## Dataset section
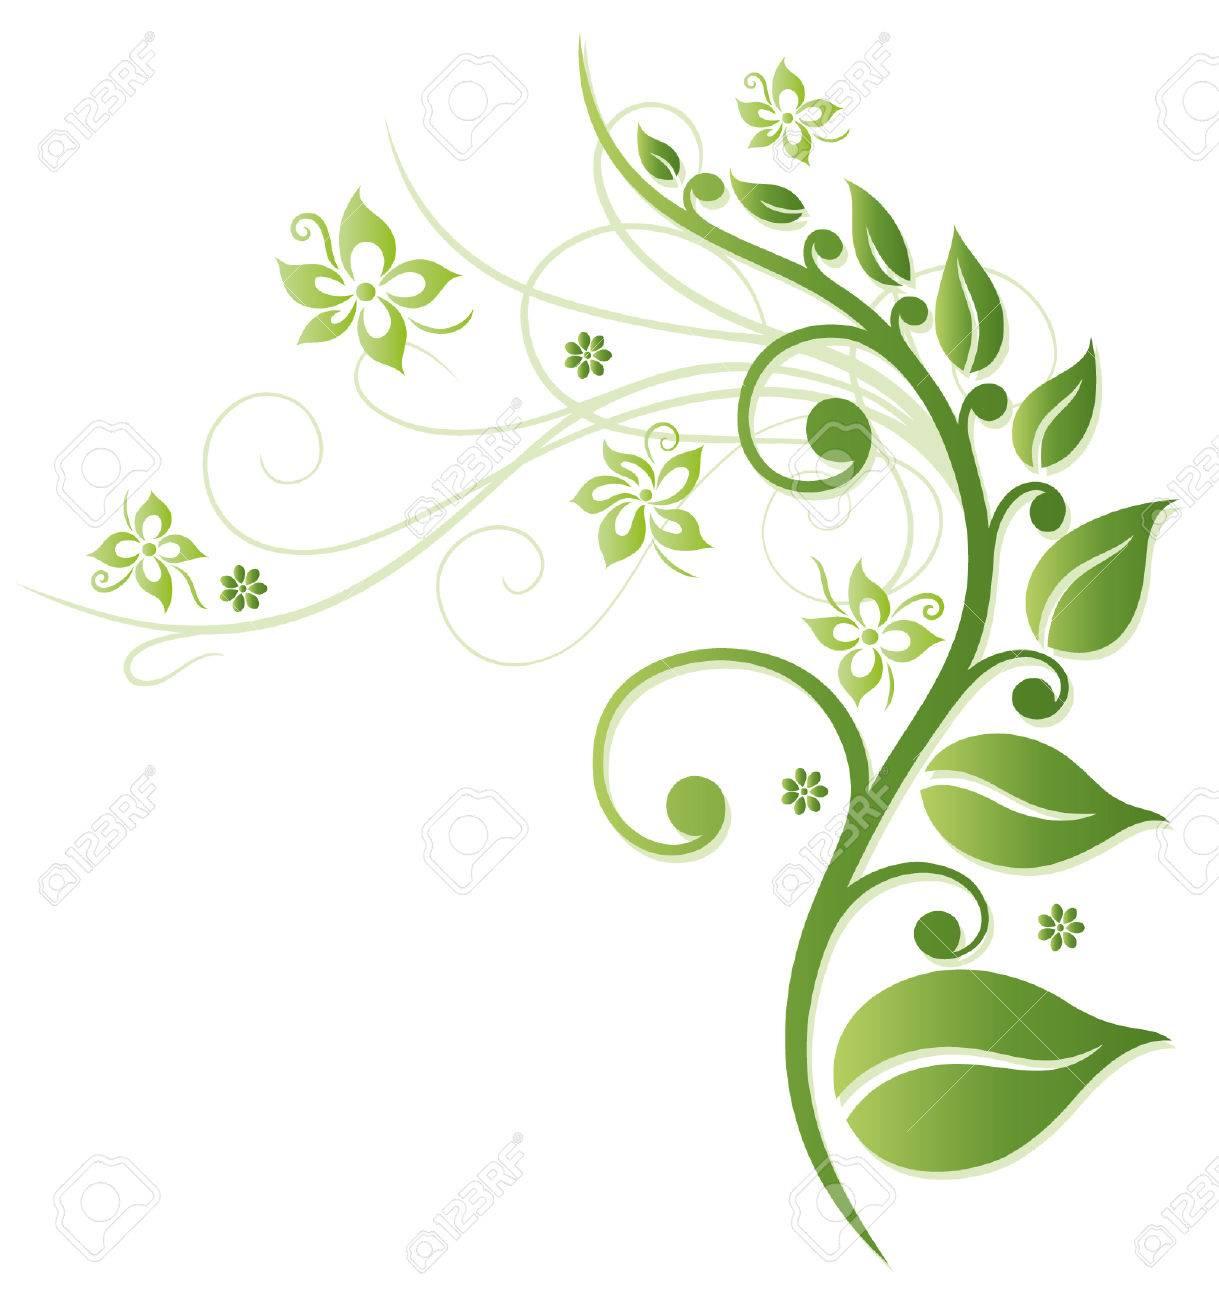 Green flowers, colorful spring time Standard-Bild - 23898854
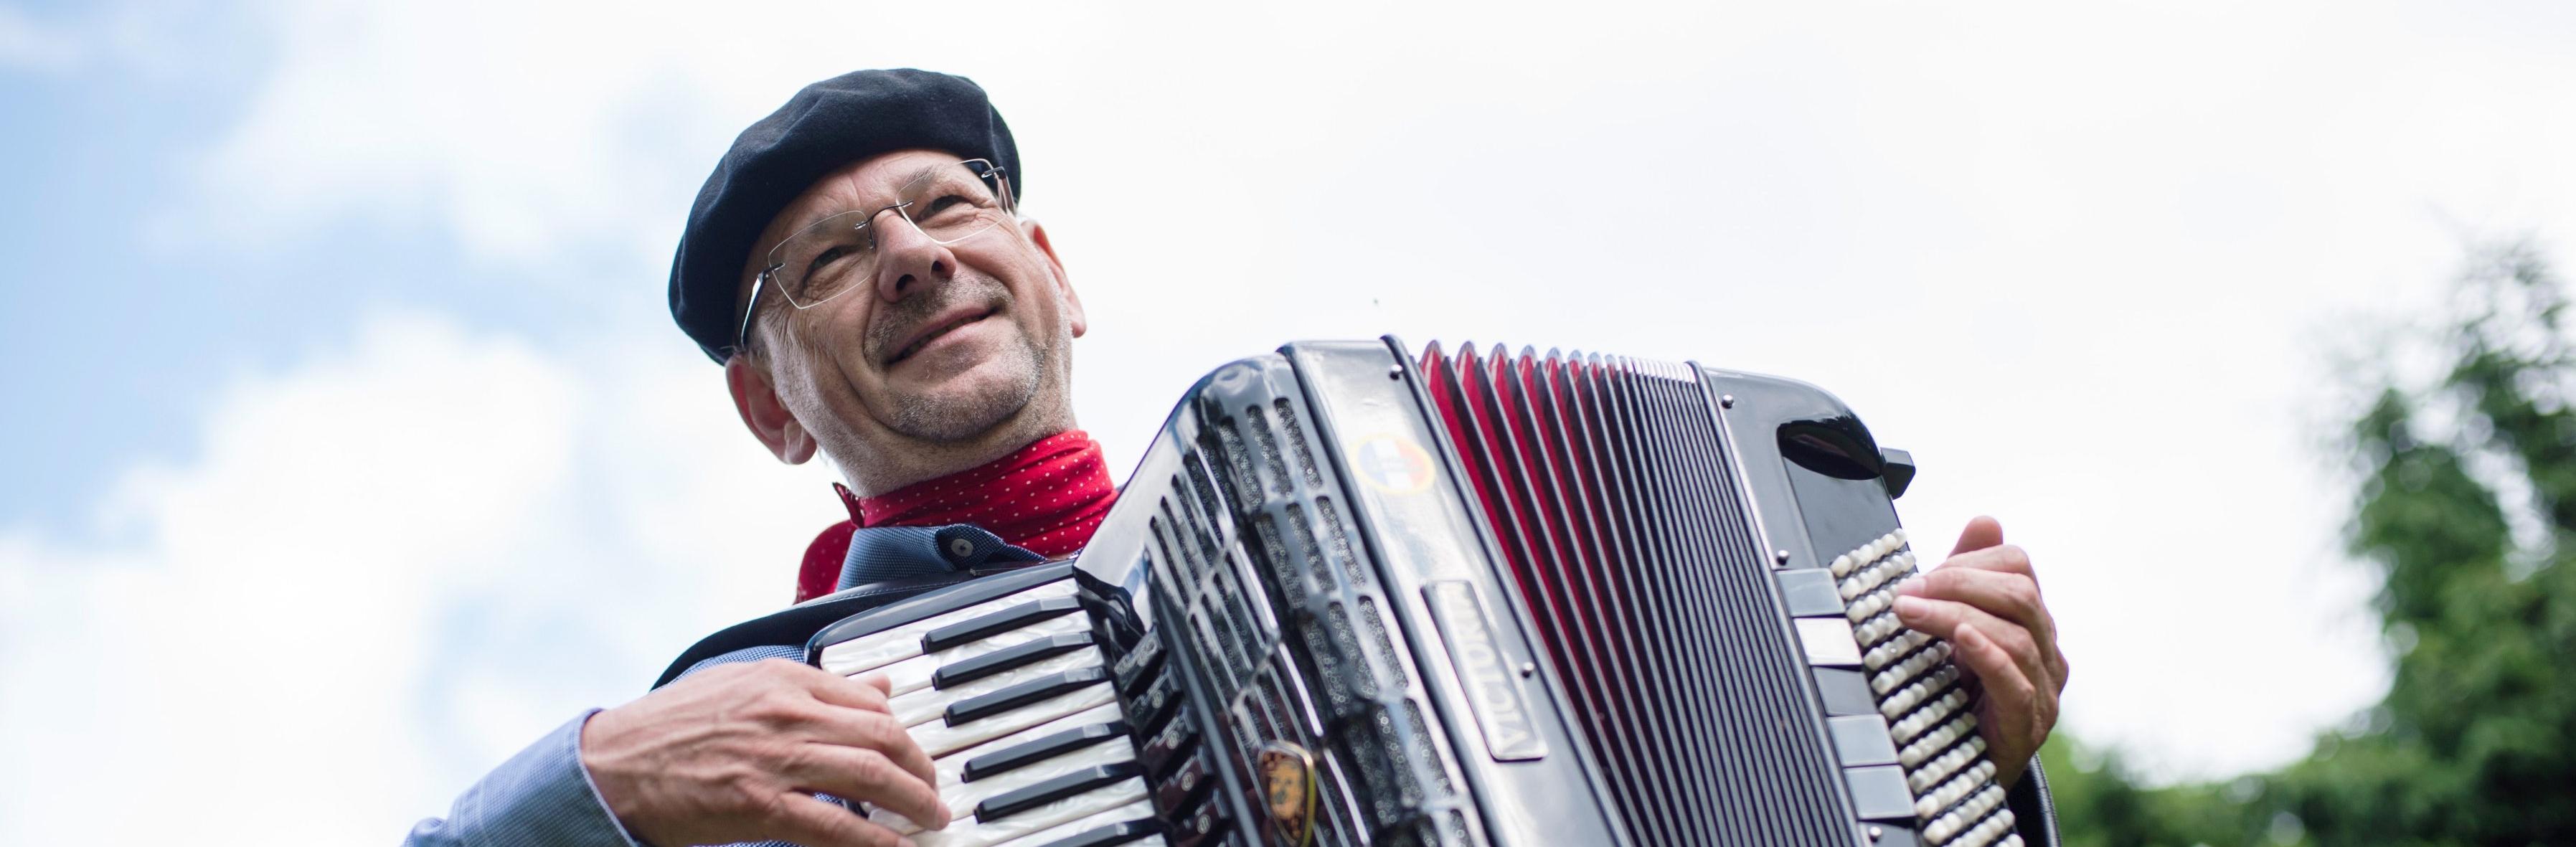 Lothar Meunier
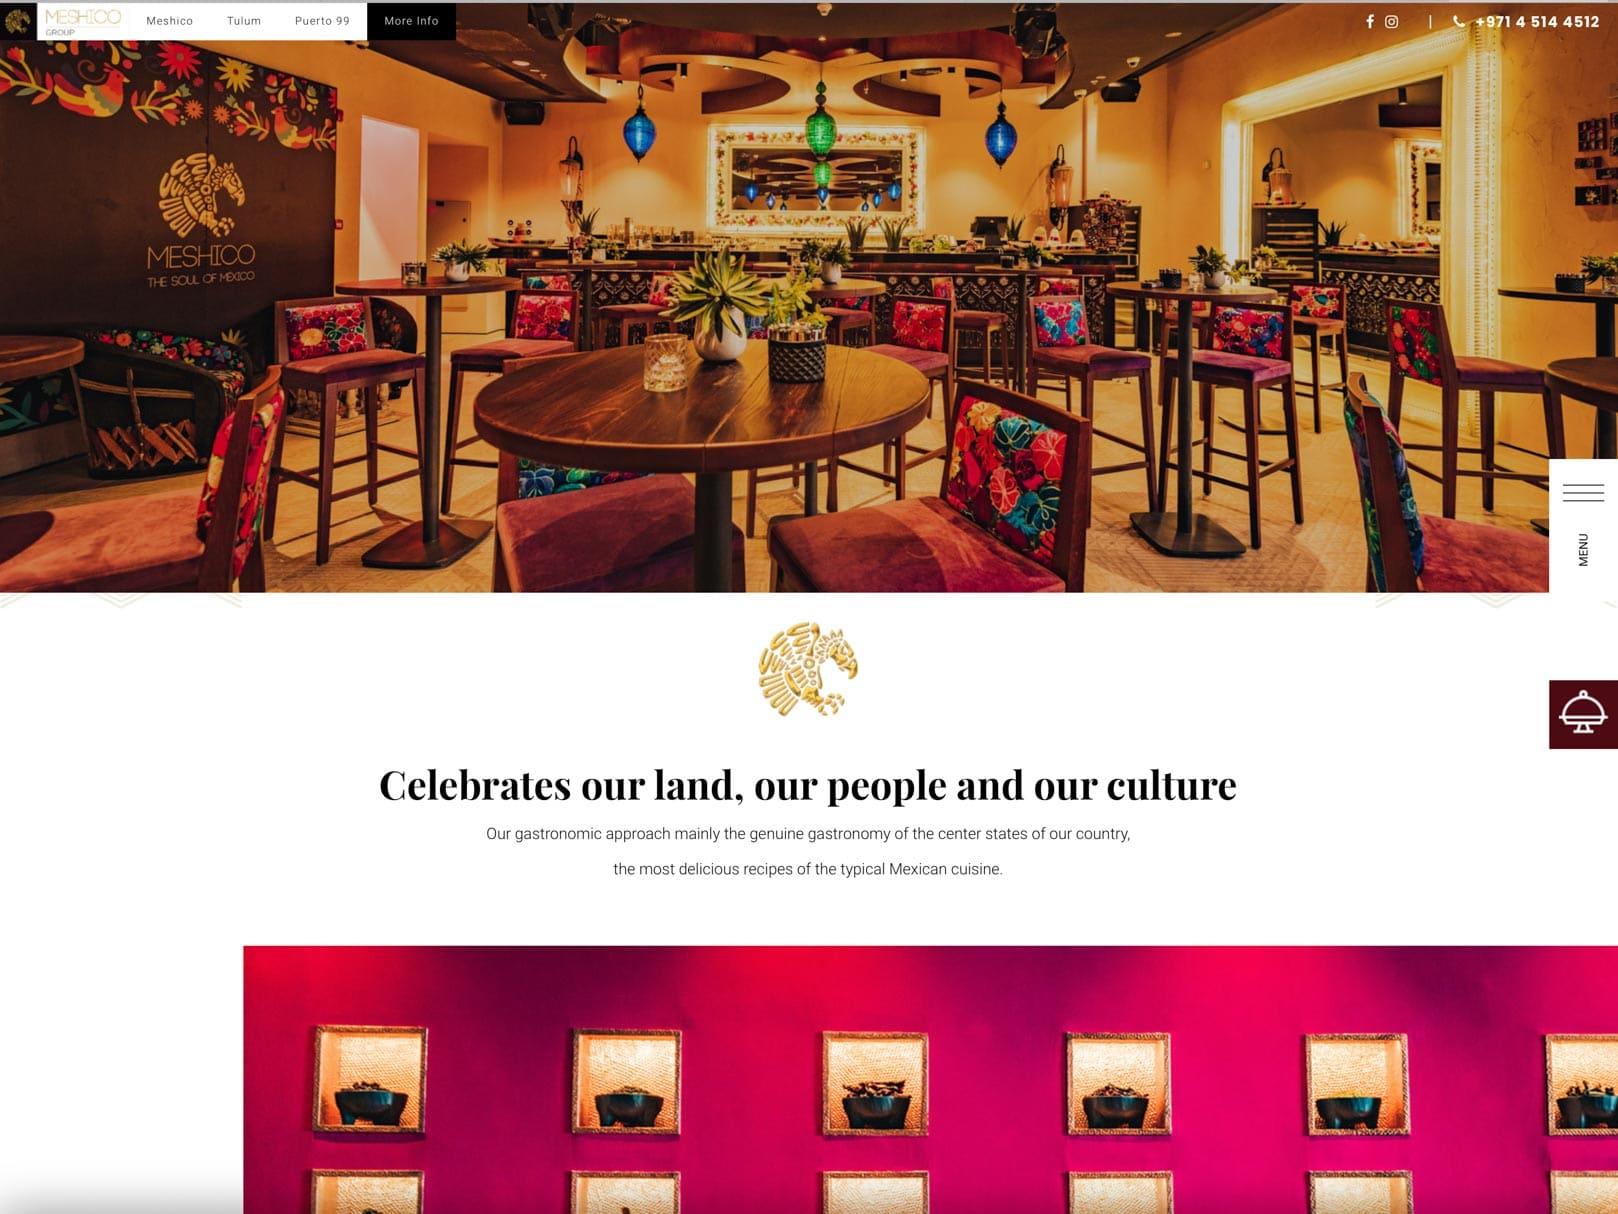 Meshico Dubai Publicity
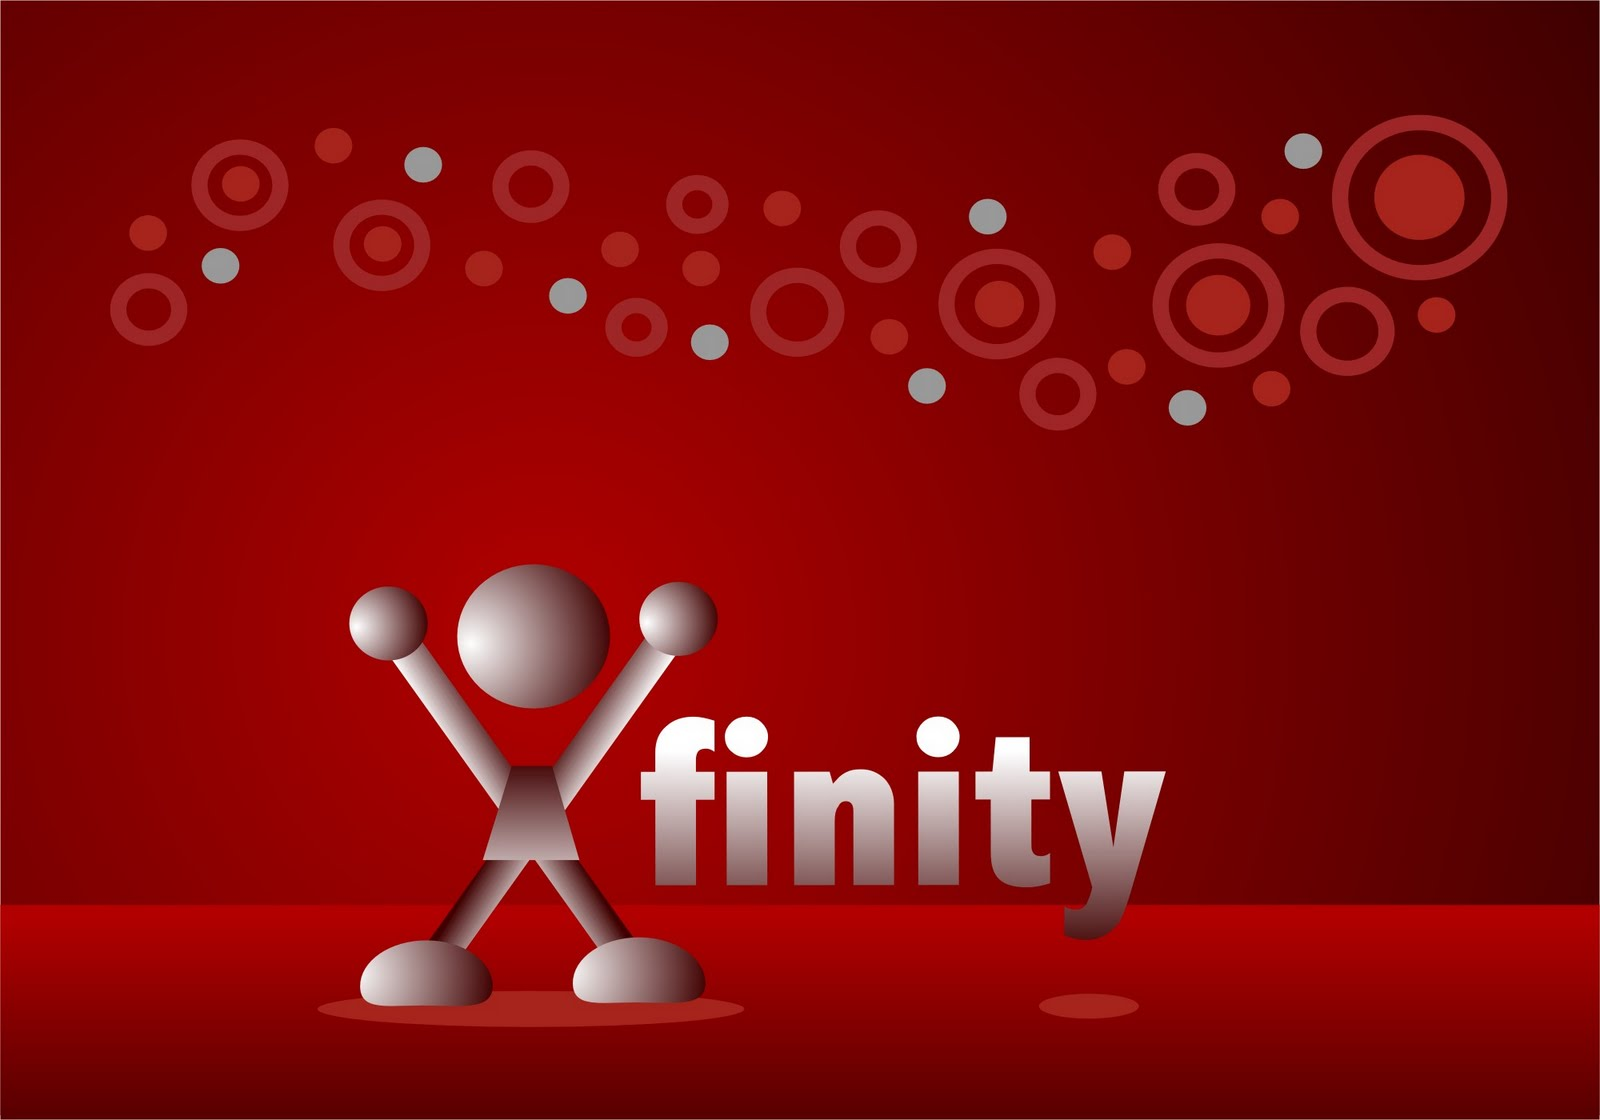 download Xfinity X Cartoon Background 2 [1600x1120] for your 1600x1120

## Problem description
The lines to repeat run from the line containing "Meshico Dubai Publicity" through the last line of the material above; give them exactly, without the pictures.

## Task solution
 Meshico Dubai Publicity
 download Xfinity X Cartoon Background 2 [1600x1120] for your 1600x1120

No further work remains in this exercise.